Since we’re talking about NyQuil, though, let me say that my record is not unblemished. I’ve had a tumultuous love affair with those pretty green capsules since they first knocked me flat on my ass several years ago. It wasn’t any kind of hallucinatory state that I enjoyed so much, but that deep, muddled sleep that made me wake in the morning with drool on my chin and the plodding steps of a reluctant zombie bride. Wonderful. If you’re anything like me, college has you sleep deprived and longing for the slumber of the (un)dead.

But warnings of liver disease and poison control were enough to keep my guilty NyQuil munching in check. Now, if I want a heavy, drug-induced sleep I usually sniffle a bit, maybe try to force a cough, tell myself I have allergies and take a Benadryl. That usually works just as well and has me feeling slightly less guilty because, well, allergies are way easier to fake than the flu.

Bottom line: if you’re going to do drugs, stick with the illegal ones, since their little plastic pouches generally don’t come with scary warning labels. That way you can enjoy your trip in peace. Or, you can always get creative with things. Let me tell you more.

It is rumored that Ozzy Osbourne once snorted a line of ants. Phooey. I say old Ozzy should give me a call, and as long as they stay in a nicely formed queue, he and I should both do a line of crickets while listening to heavy metal at full volume. What can I say, I’m totally rock n’ roll like that – can’t be helped. Lady Gaga might say I was born this way, and I’d say, “Who’s Lady Gaga?” That’s right. Take notes, Ozzy, ‘cuz this is how it’s done (Oh, God, I really hope he’s not one of those celebrities who Googles himself every week and finds this, because I am totally bluffing).
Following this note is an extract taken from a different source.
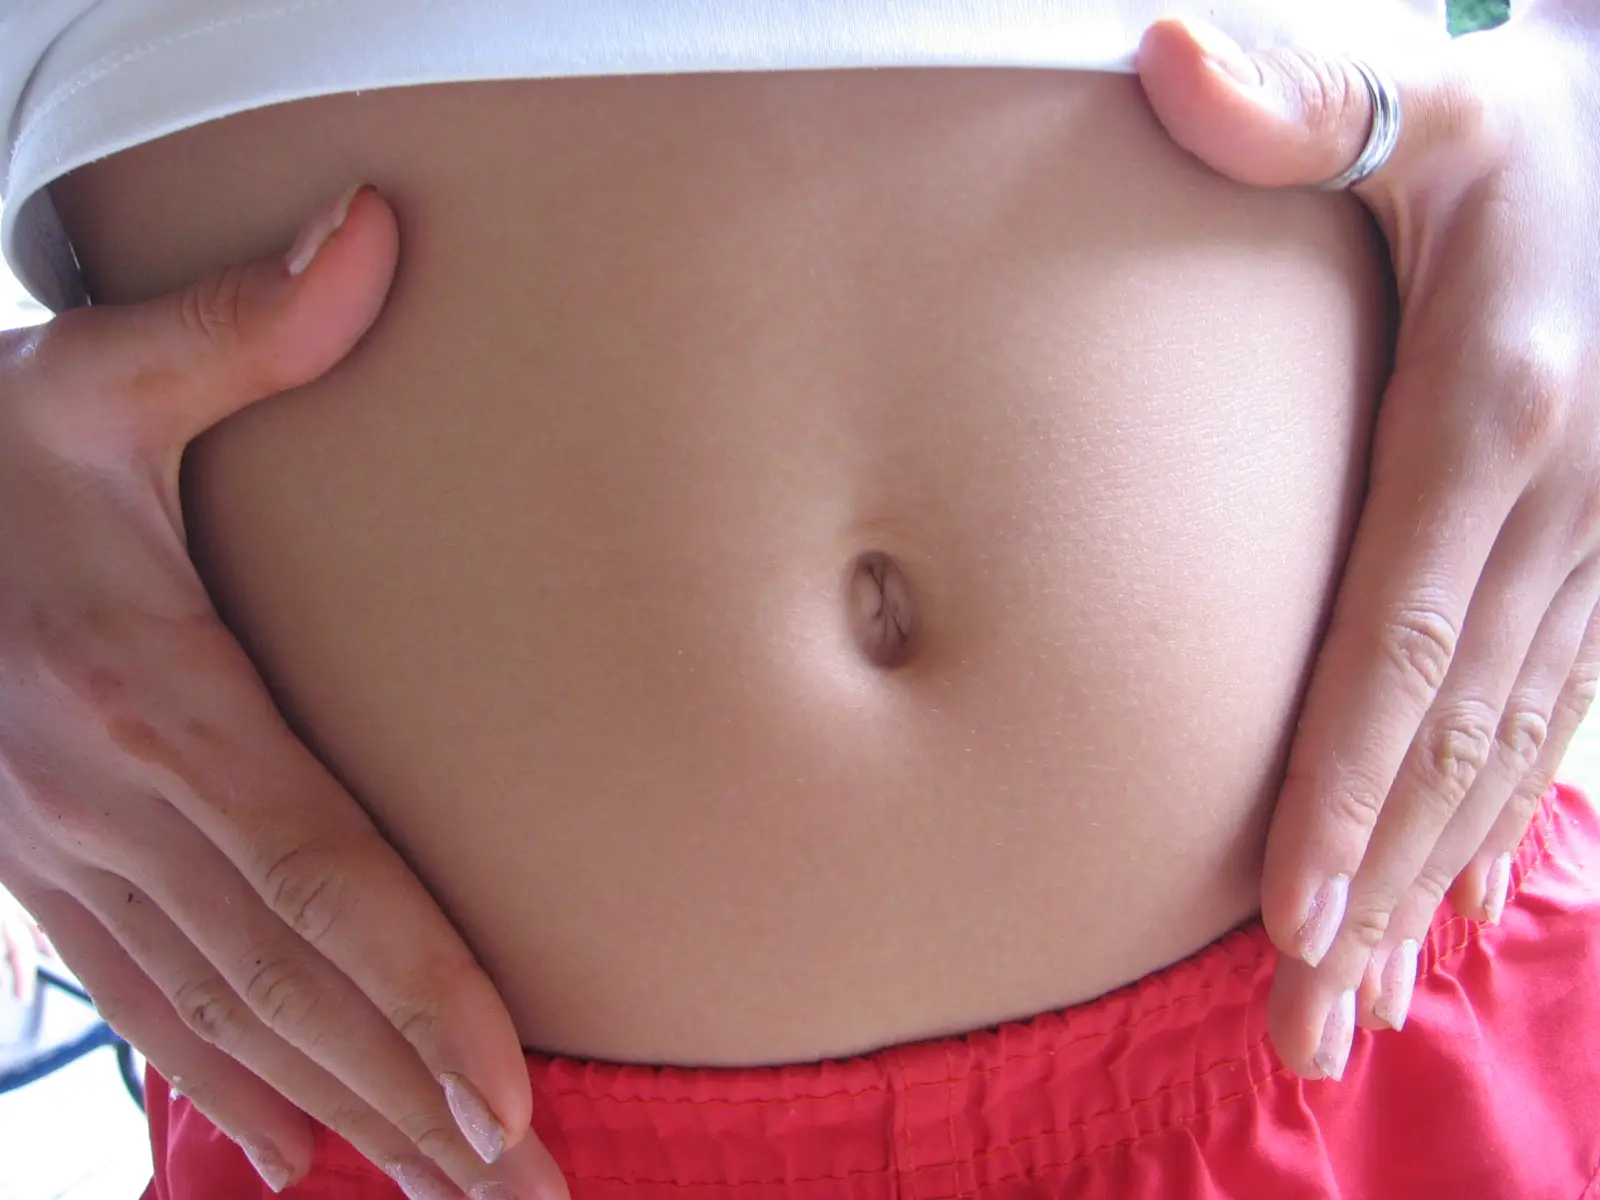 Other Spiritual Causes Of A Bloated Stomach

I’d like to conclude by coming full circle and back to our under-aged delinquents who are jacking their parents’ Vicodin and Codeine simply for a buzz. TO THESE WAYWARD CHILDREN: the alcohol is probably easier to get your hands on. Hopefully, ma and pa are catching on, and you’ll be hard pressed to find those teddy bear vitamins in the house, much less anything as complex and dangerous sounding as benzodiazepines.

And finally, why dost thou reject the sweet berry mead in favor of the extra-strength Tylenol? (Okay, all this medieval lit is biting me in the ass.) But seriously, does this mean that more and more young partygoers are dipping into the medicine cabinet as opposed to the alcohol cabinet? I thought that stealing alcohol from your parents was a time-honored tradition, a sort of rite of passage, though maybe my friends and I were just bad kids. Are America’s youth flushing this tradition down the toilet? (Which is, incidentally, where all your old prescriptions should be.)

I’ll be the first to admit that I enjoy alcohol for many reasons, one of which includes feeling like a promiscuous saloon girl from the 1800s whenever I order whiskey at the bar, and I think that I’ll be perfectly content with liquid courage for the time being. And although I’m certainly in no position to preach refrain from substance usage of any kind, I will say this: I can only hope that in 20 years our children aren’t downing aloe vera jelly by the spoonful, with you and me looking fondly back to the days when things seemed so much simpler.